Il y a un an, j'étais au plus bas, persuadée que je n’en sortirais jamais. J’ai traversé une période émotionnelle très difficile qui m’a vidée de toute énergie. Même si je n’ai jamais été en surpoids et toujours considérée comme mince, j’ai perdu beaucoup de poids à ce moment-là. Je ne faisais pas de régime ni plus de sport, je n’arrivais tout simplement pas à manger. Mes journées se résumaient à fumer, je dormais à peine la nuit, et le matin, je faisais juste assez d’efforts pour que le monde extérieur pense que je fonctionnais encore d’une certaine manière.
Ce qui m’a frappée, c’est que plusieurs personnes m’ont dit : « Tu as l’air tellement bien ! Quel est ton secret ? » « Merci, hier j’ai passé 8 heures à pleurer, et mon déjeuner était un latte à moitié bu » – j’aurais aimé pouvoir répondre ça.
Mais je suis restée silencieuse. Ce qui était choquant, c’est que les autres ne voyaient que ma minceur extrême, comme si c’était un succès en soi. Personne ne voyait que j’étais brisée à l’intérieur, que chaque bouchée me causait de l’angoisse, et que mon corps fonctionnait avec ses dernières réserves pour survivre. À cette époque, mon IMC était dangereusement bas – pourtant, pour beaucoup, c’était la silhouette « idéale ».
Un an plus tard, je pèse presque 10 kilos de plus. Mon poids est exactement celui que j’ai eu toute ma vie d’adulte, sauf pendant cette période critique. Mon IMC est maintenant parfaitement sain, mon corps est plus fort, et je me sens plus stable. Je peux à nouveau dormir, manger, rire. Et surtout : je me sens enfin moi-même.
Ce n’est pas pour dire que chaque jour est parfait. Et ce qui me fait le plus peur, c’est que parfois, en regardant une vieille photo, je me sens triste que mes jambes ne soient plus aussi fines qu’avant. C’est à quel point la société nous a profondément conditionnés à croire que l’« idéal de beauté » est ce qu’il y a de plus important.
C’est pourquoi je me rappelle consciemment aujourd’hui : ce corps était synonyme de douleur et d’épuisement. Et je ne veux plus jamais revenir à ce que je ressentais alors, quoi qu’il arrive.

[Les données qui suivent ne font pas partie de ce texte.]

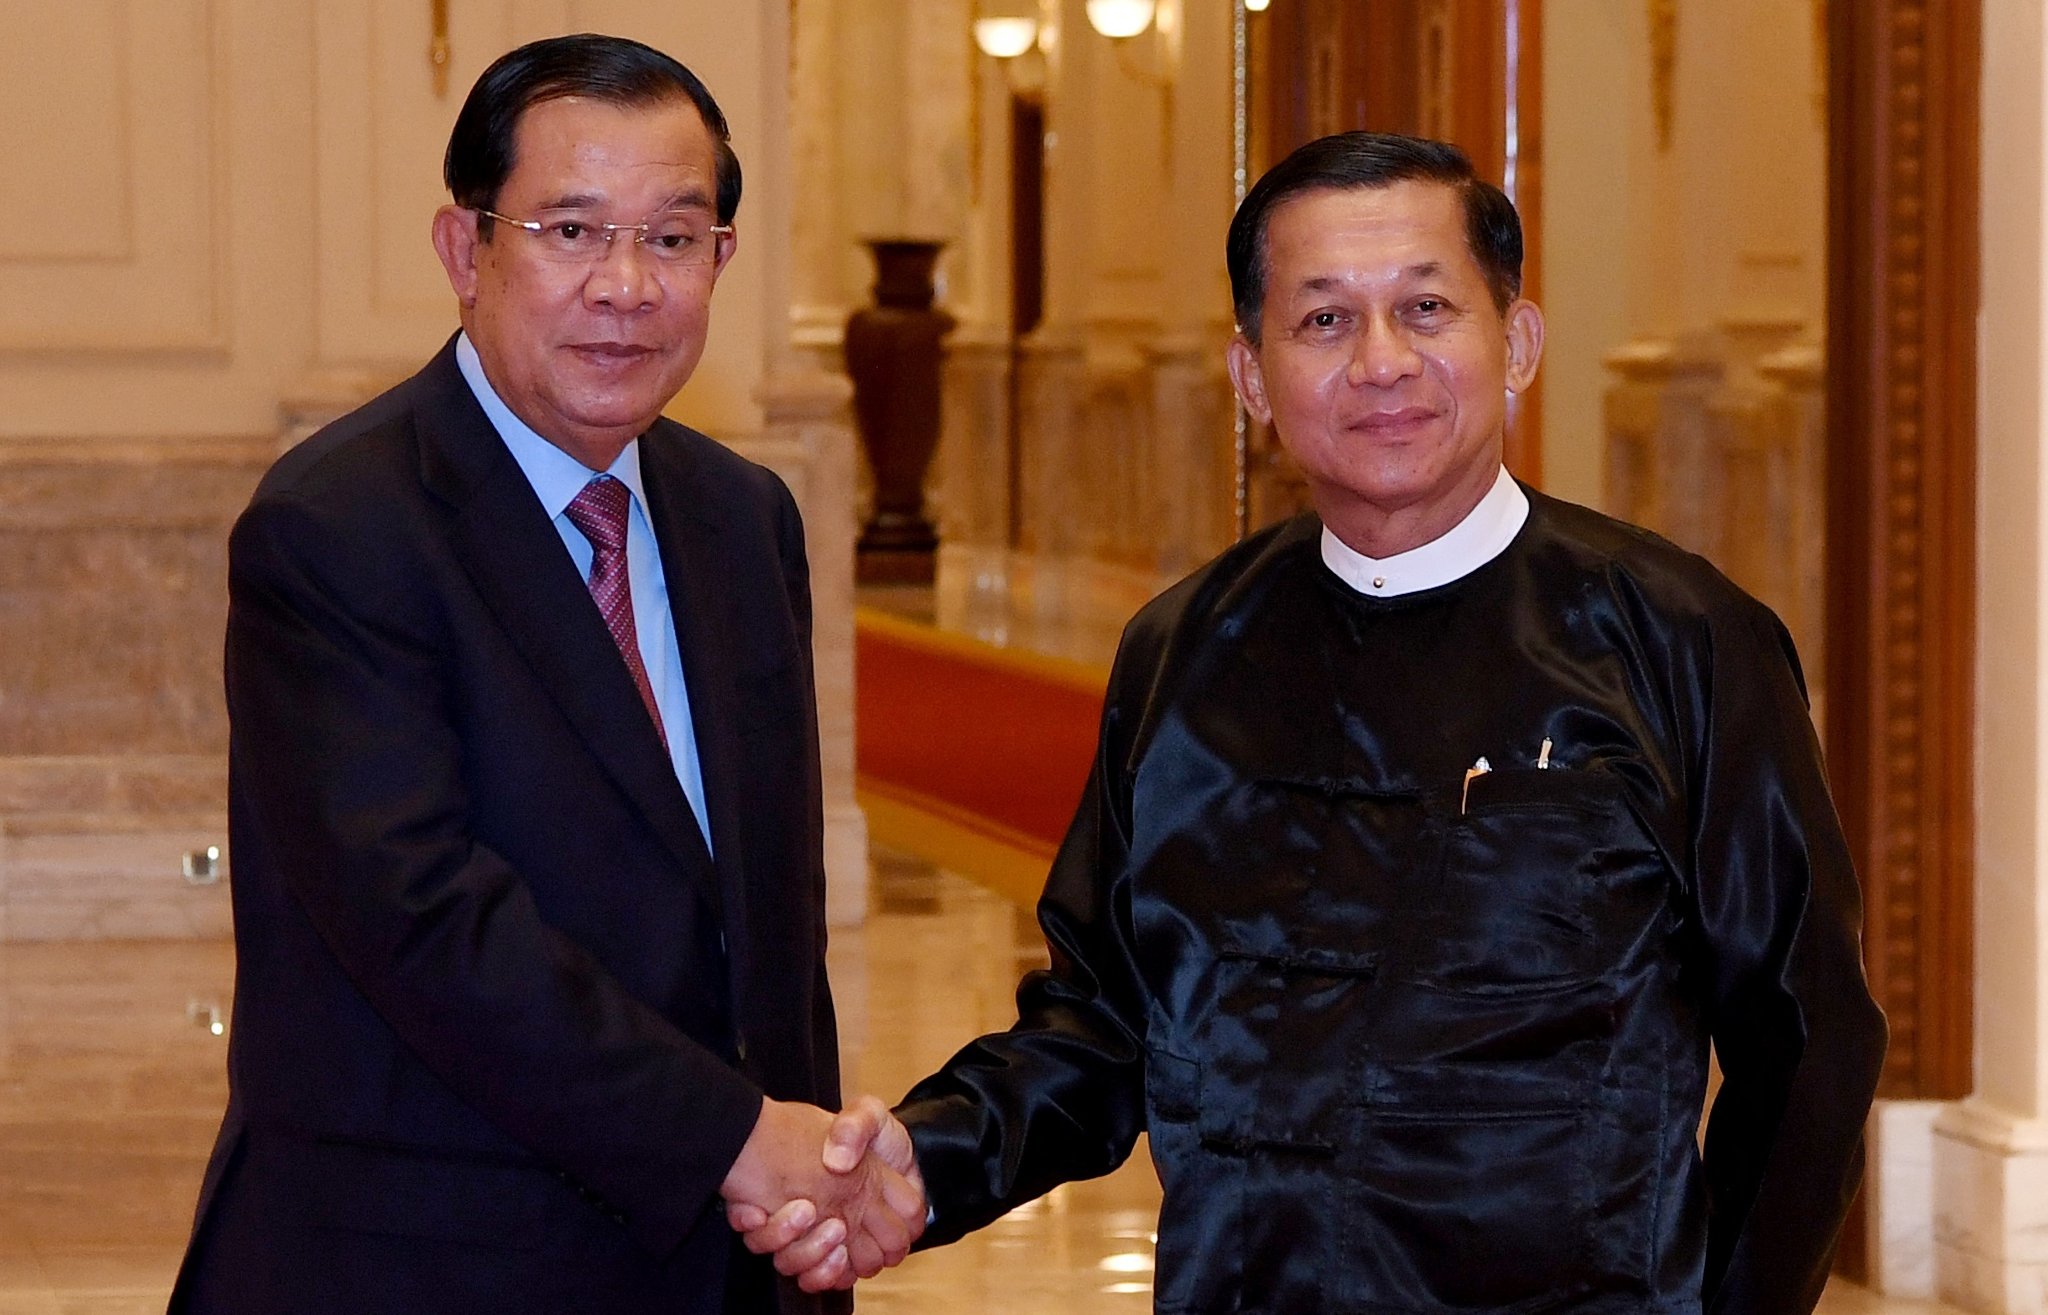 လူပုံအလယ်မှာ ဖိနပ်နဲ့ ပစ်ပေါက်ခံရတာဟာ ပြဿနာအသေးအမွှား မဟုတ်ဘူးလို့ ကမ္ဘောဒီးယားဝန်ကြီးချုပ် ဟွန်ဆန် ပြော

La plus grande leçon de cette année et des réactions des autres, c’est que mon corps n’est pas un projet esthétique, mais mon foyer.
Perdre du poids parce qu’on est heureux, actif et en forme, c’est une chose. Mais quand la perte cache douleur, faim et insomnie, alors ce corps ne me sert plus, il travaille contre moi.
Aujourd’hui, je me vois autrement. J’essaie de mesurer mon bien-être non pas en kilos, mais en émotions. Ce qui compte, ce n’est pas ce que dit la balance, mais si je peux manger avec plaisir, retrouver de l’énergie pour voir mes amis, dormir paisiblement, et trouver de la joie dans le quotidien.
Je sais maintenant que le bonheur ne dépend pas de la taille de mon jean. Le vrai succès, c’est d’aller bien mentalement, de pouvoir se connecter aux autres, et de vivre en paix avec son corps. Ces 10 kilos en plus ne sont pas un fardeau : ils prouvent que je me suis reconstruite, que je sais prendre soin de moi, et que j’ai retrouvé l’appétit de la vie – au sens propre comme au figuré.
Alors si je devais choisir entre mon corps actuel, sain et heureux, et celui de l’an dernier, plus mince mais malheureux, le choix est évident.
Nous devons apprendre à placer notre monde émotionnel avant le physique, et mesurer le succès non pas en kilos, mais en santé mentale. Car au final, ce qui compte, ce n’est pas la finesse de nos jambes, mais la force et l’envie de parcourir le chemin qui nous attend.